** Opening INPUT DATA block **
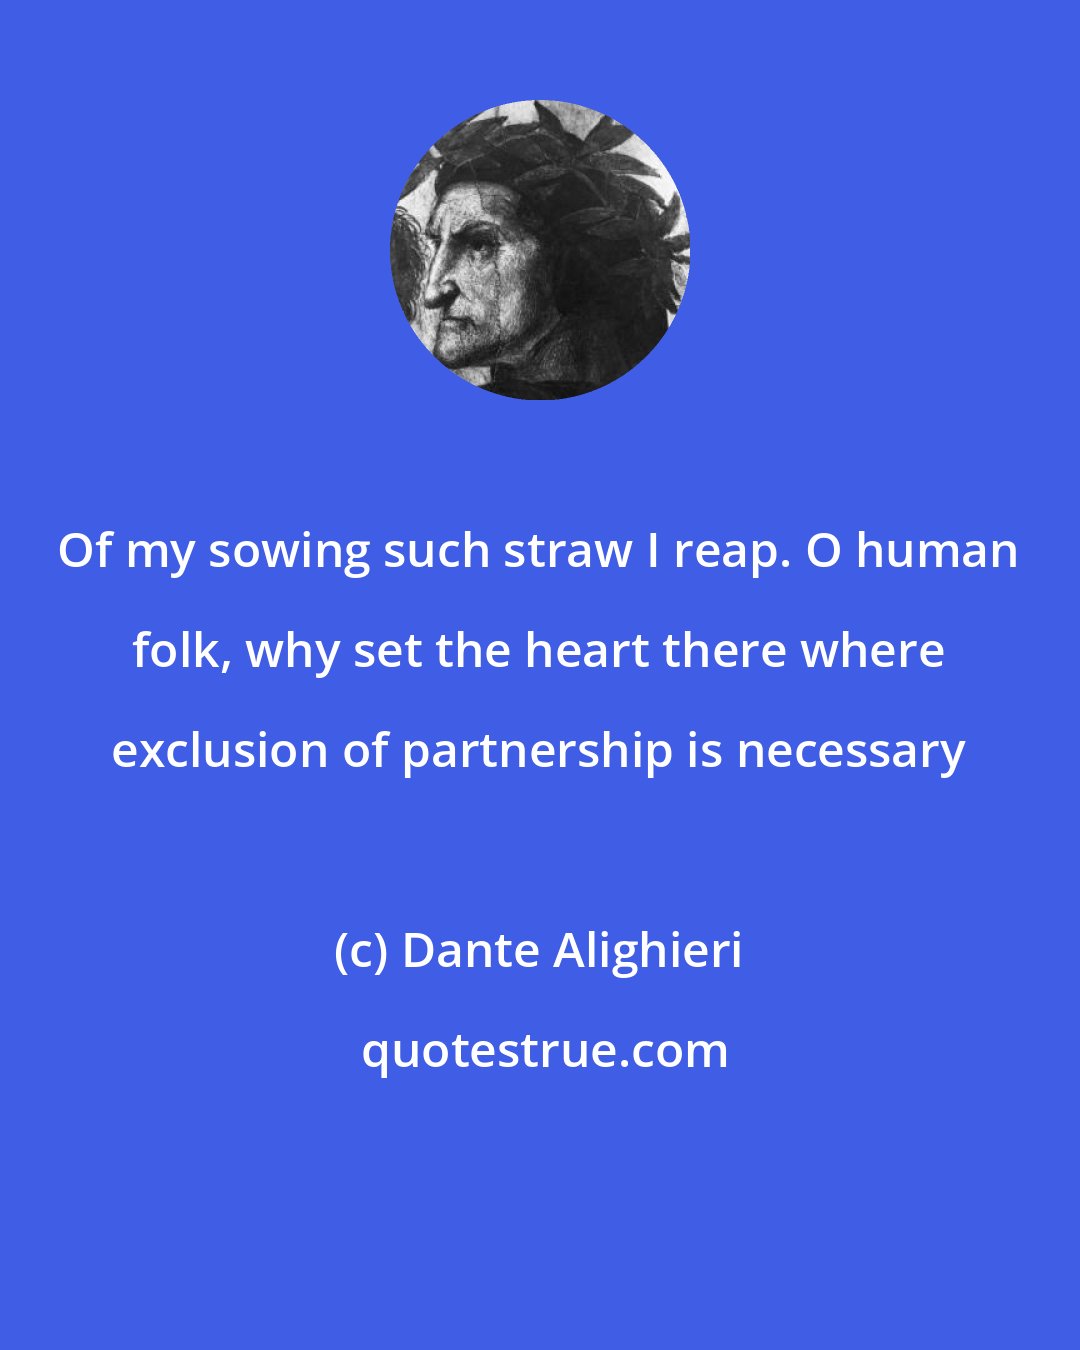 Dante Alighieri: Of my sowing such straw I reap. O human folk, why set the heart there where exclusion of partnership is necessary
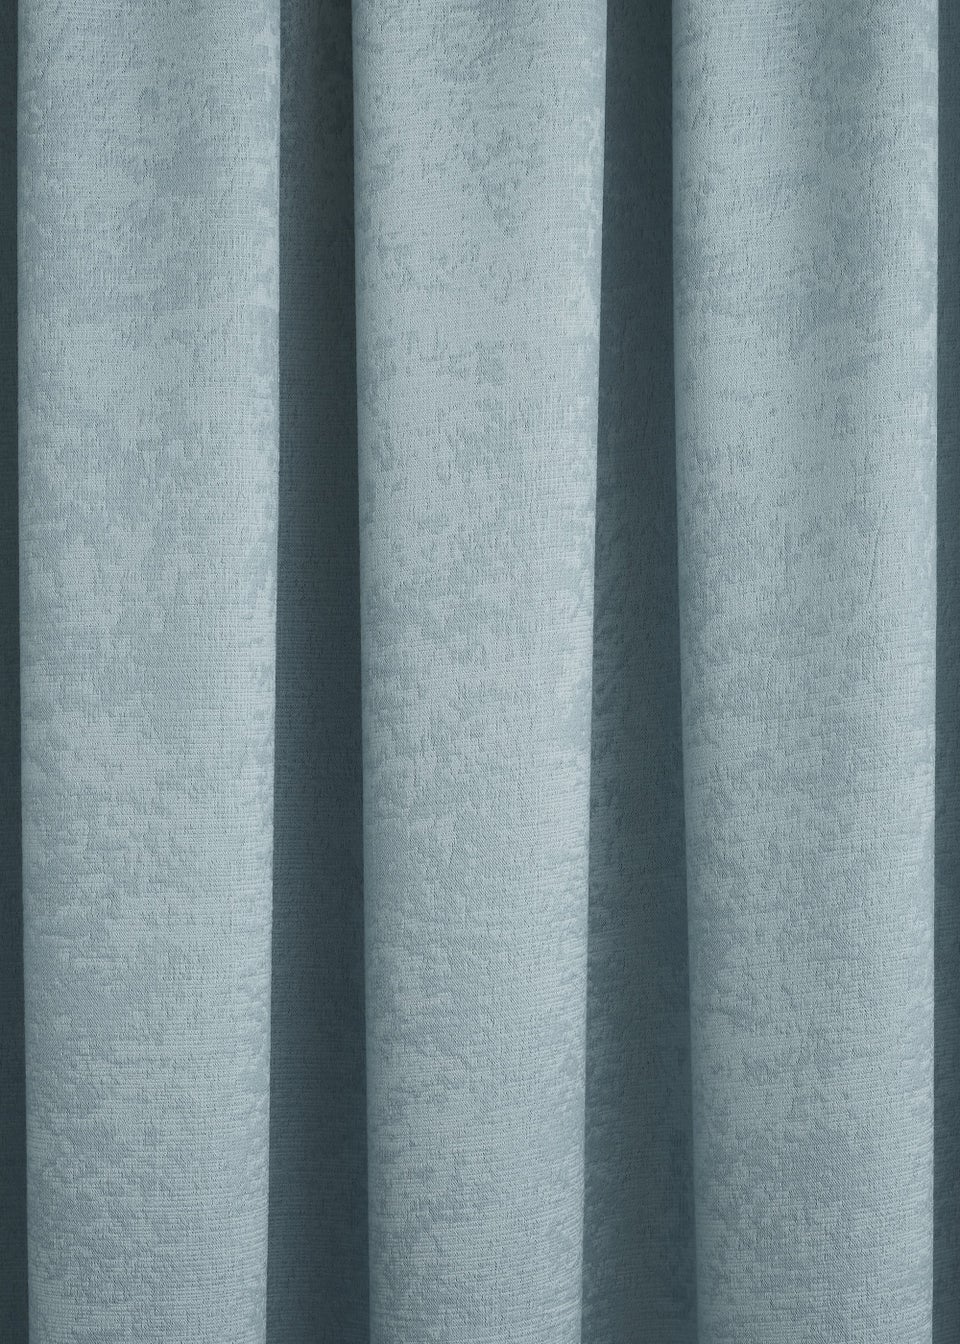 Fusion Galaxy Dimout Blue Pencil Pleat Curtains
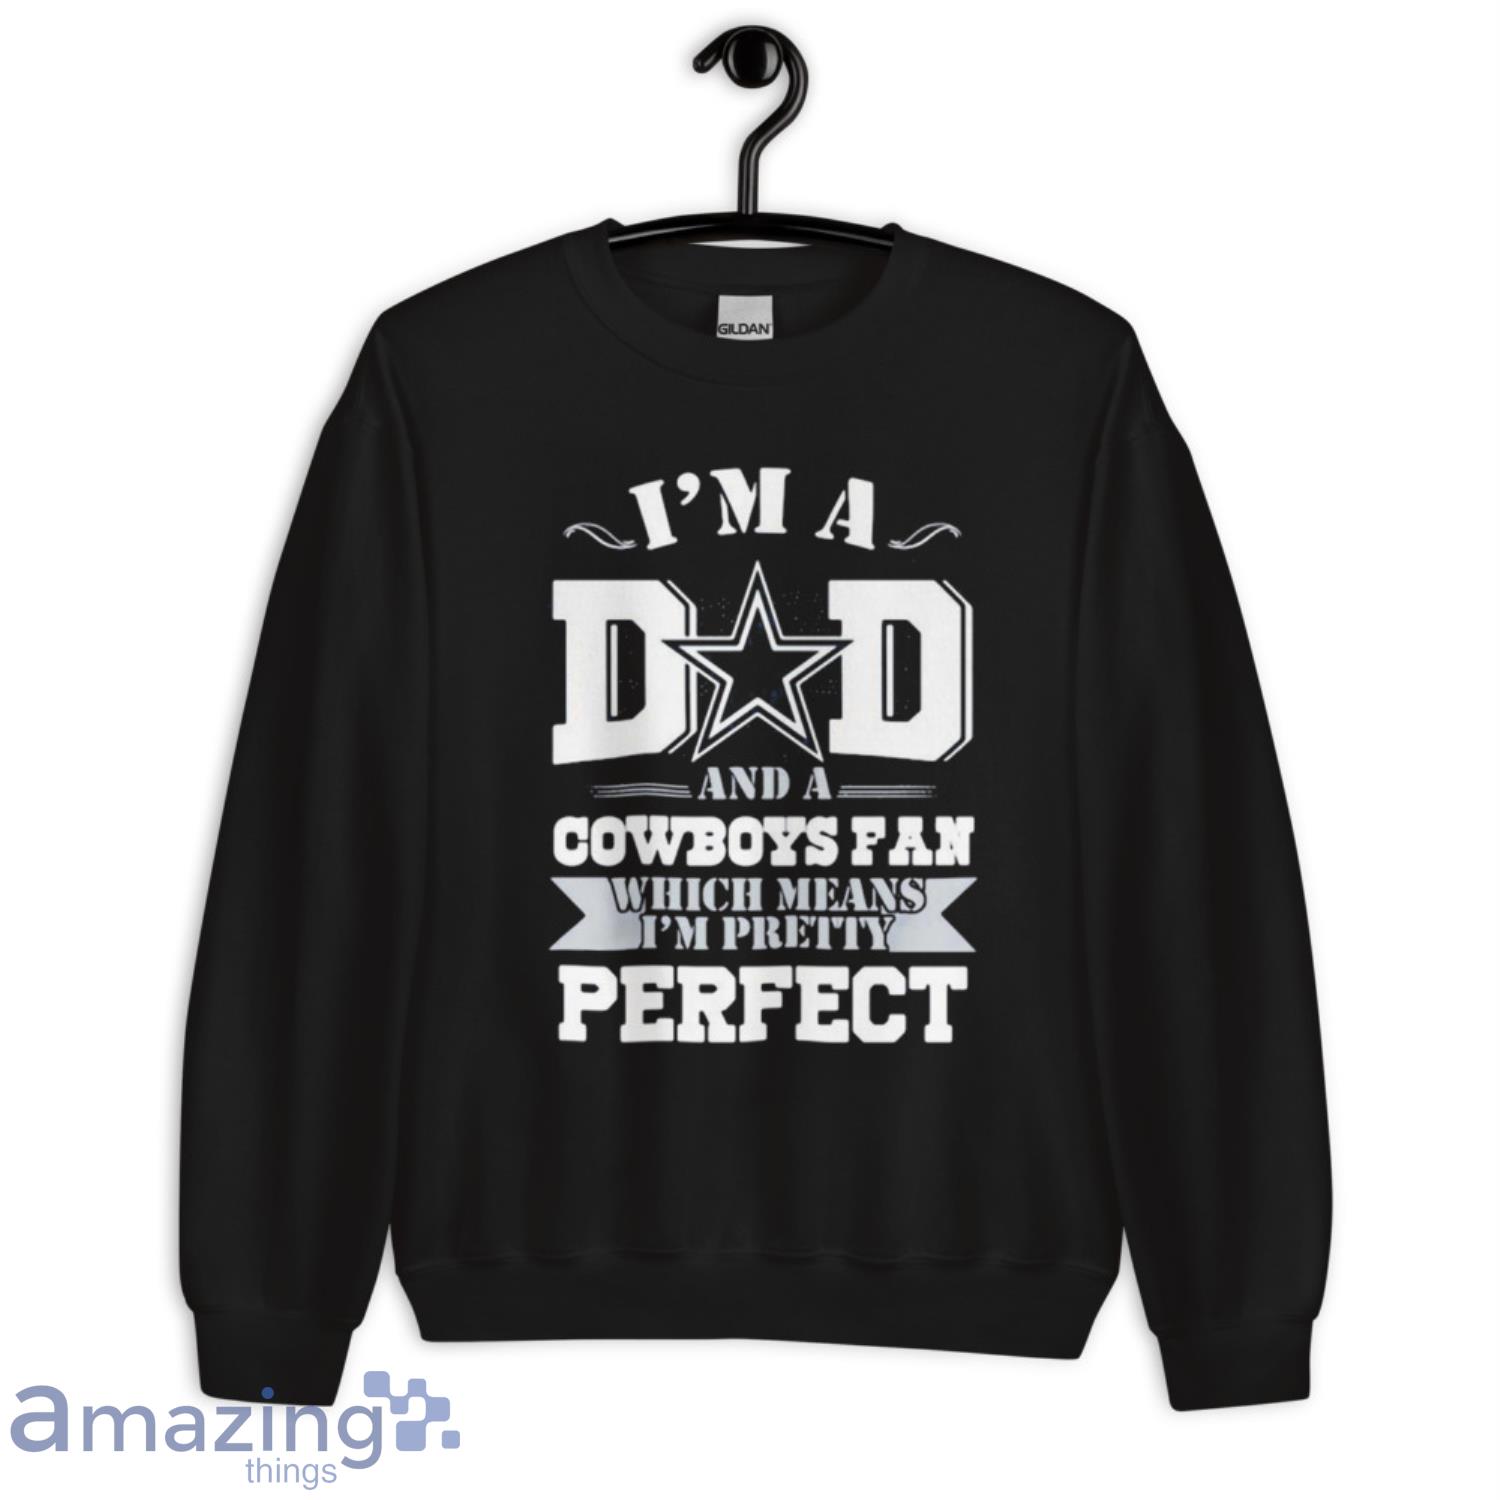 I'm a dad and a dallas cowboys fan which means I'm pretty perfect happy  father's day shirt
** Closing INPUT DATA block **
PROBLEM STATEMENT:
Without the pictures, transcribe the listing exactly as it stands.

TASK OUTPUT:
 Dante Alighieri: Of my sowing such straw I reap. O human folk, why set the heart there where exclusion of partnership is necessary
 Fusion Galaxy Dimout Blue Pencil Pleat Curtains
 I'm a dad and a dallas cowboys fan which means I'm pretty perfect happy  father's day shirt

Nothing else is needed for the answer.